**SUPPLIED MATERIAL**
★ ★ ★ ★ ★

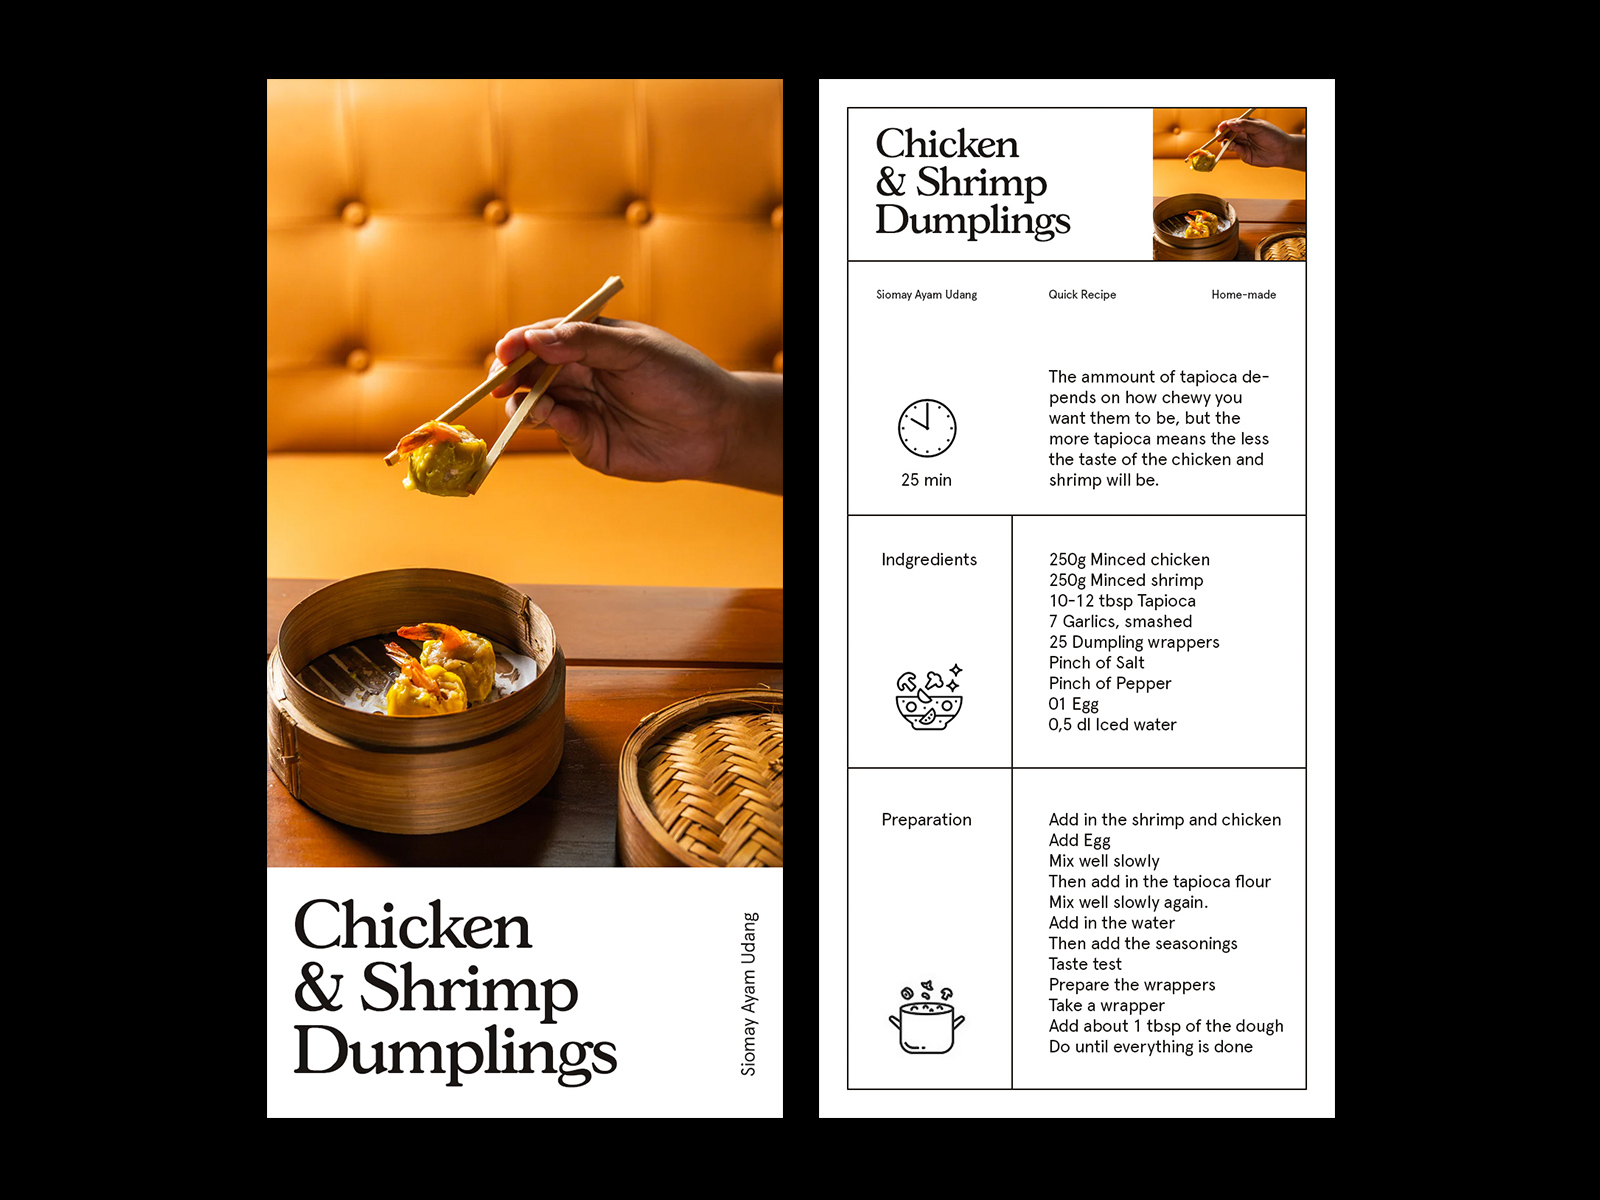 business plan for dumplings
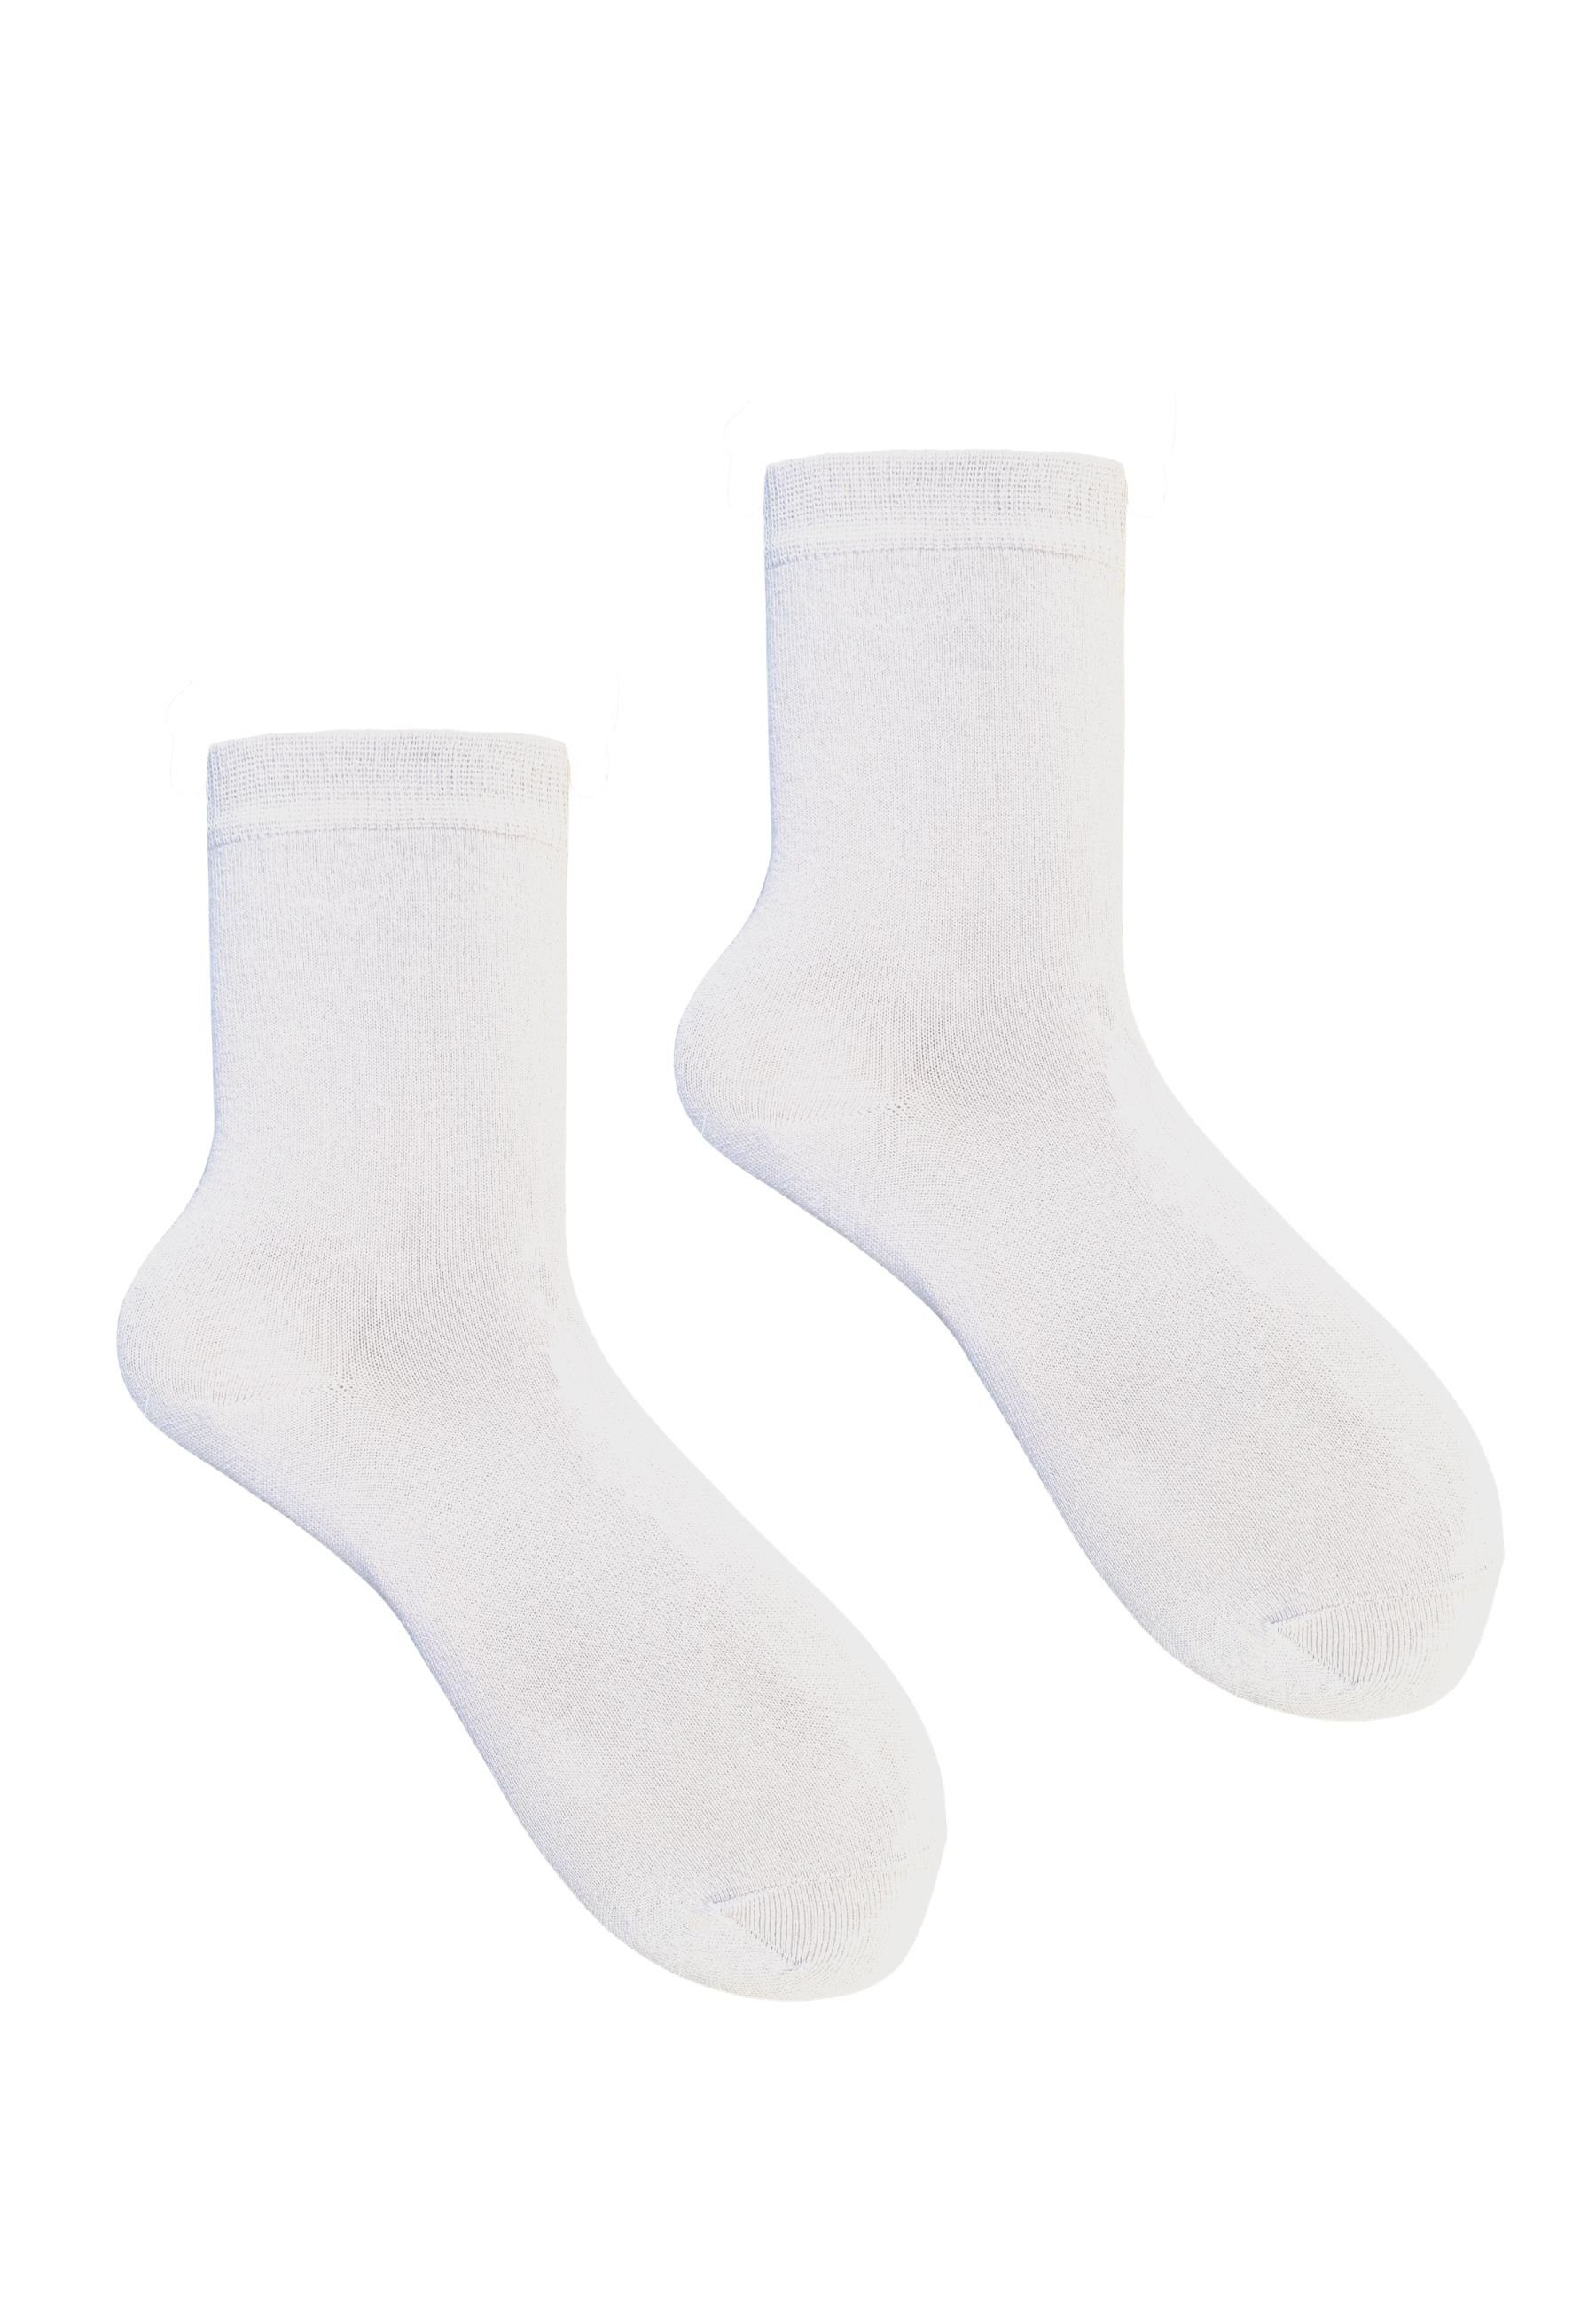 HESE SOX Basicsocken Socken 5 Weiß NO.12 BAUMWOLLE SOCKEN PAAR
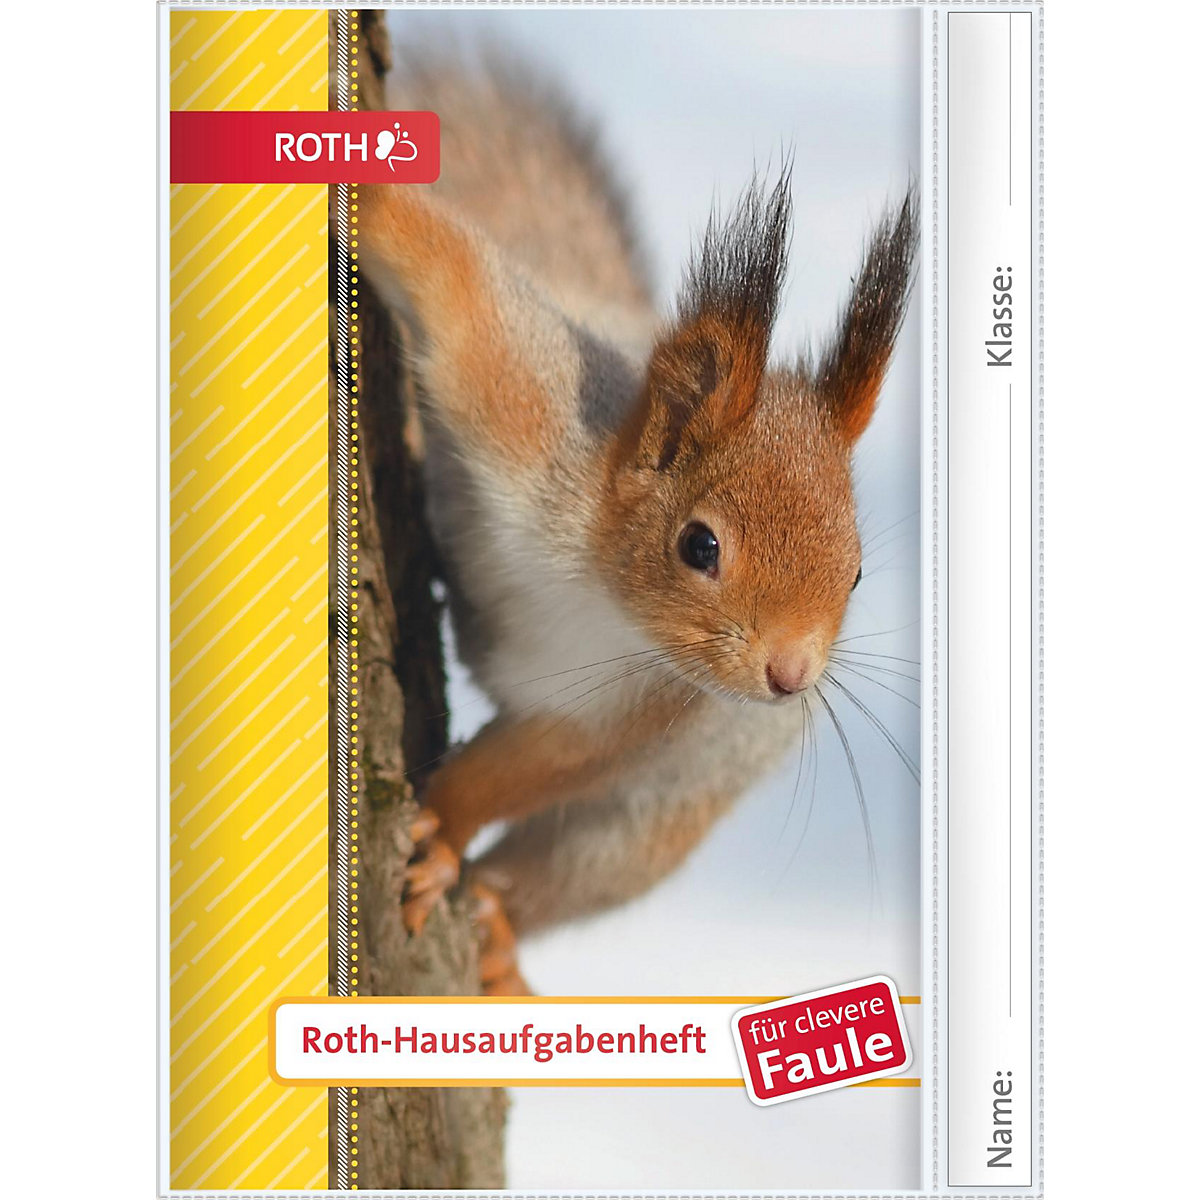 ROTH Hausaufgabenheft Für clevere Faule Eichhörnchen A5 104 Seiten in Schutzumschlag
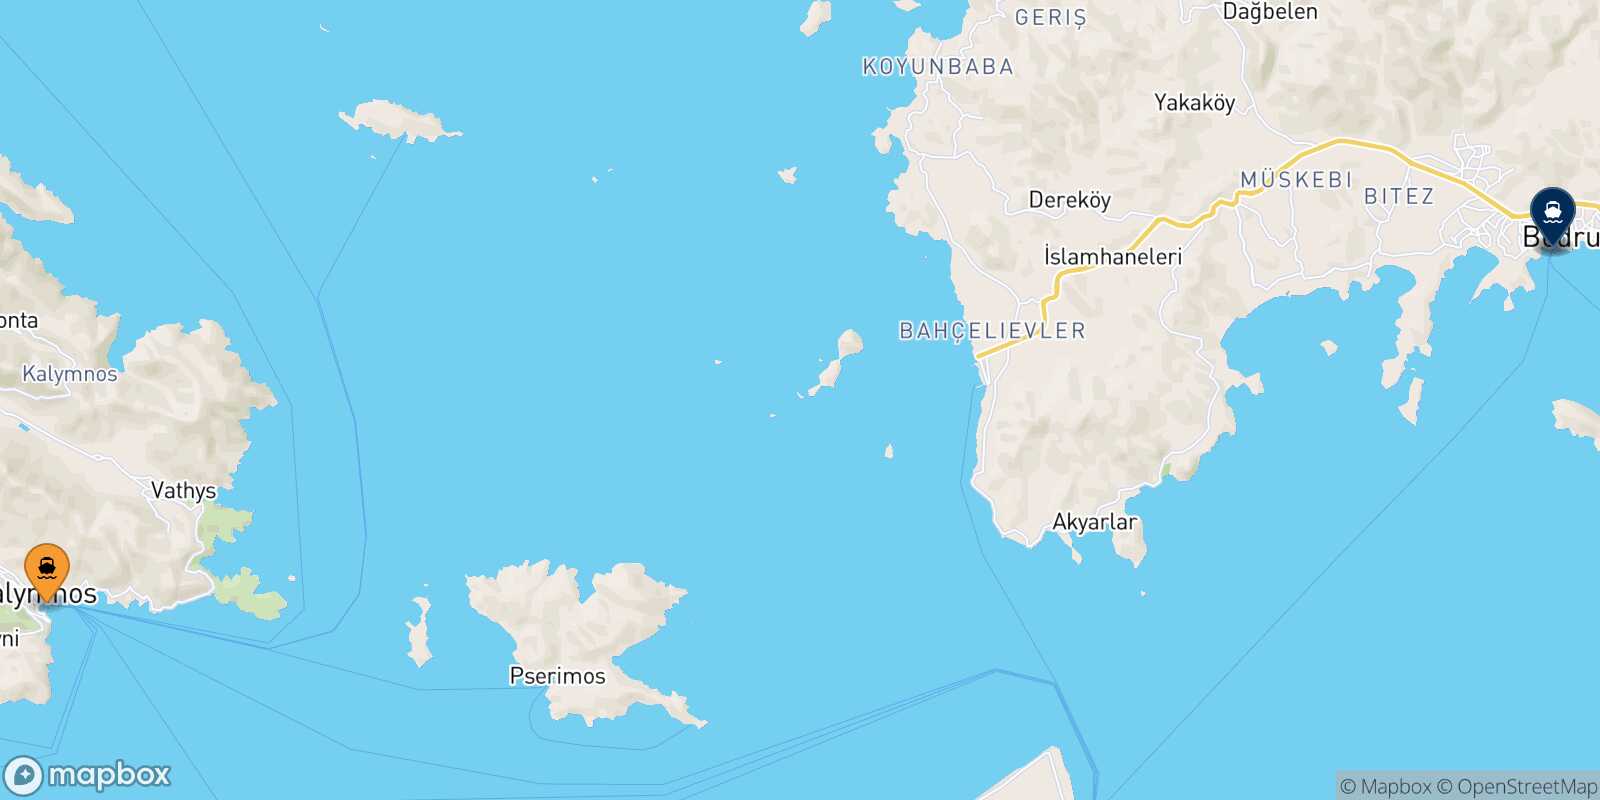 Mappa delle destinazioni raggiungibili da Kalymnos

★ ★ ★ ★ ★

**YOUR OBJECTIVE**
Pictures are skipped here. Print exactly, and only, the lines from the one holding "HESE SOX Basicsocken" through the final line of the material above, both ends included.

**SOLUTION TO THE EXERCISE**
 HESE SOX Basicsocken Socken 5 Weiß NO.12 BAUMWOLLE SOCKEN PAAR
 ROTH Hausaufgabenheft Für clevere Faule Eichhörnchen A5 104 Seiten in Schutzumschlag
 Mappa delle destinazioni raggiungibili da Kalymnos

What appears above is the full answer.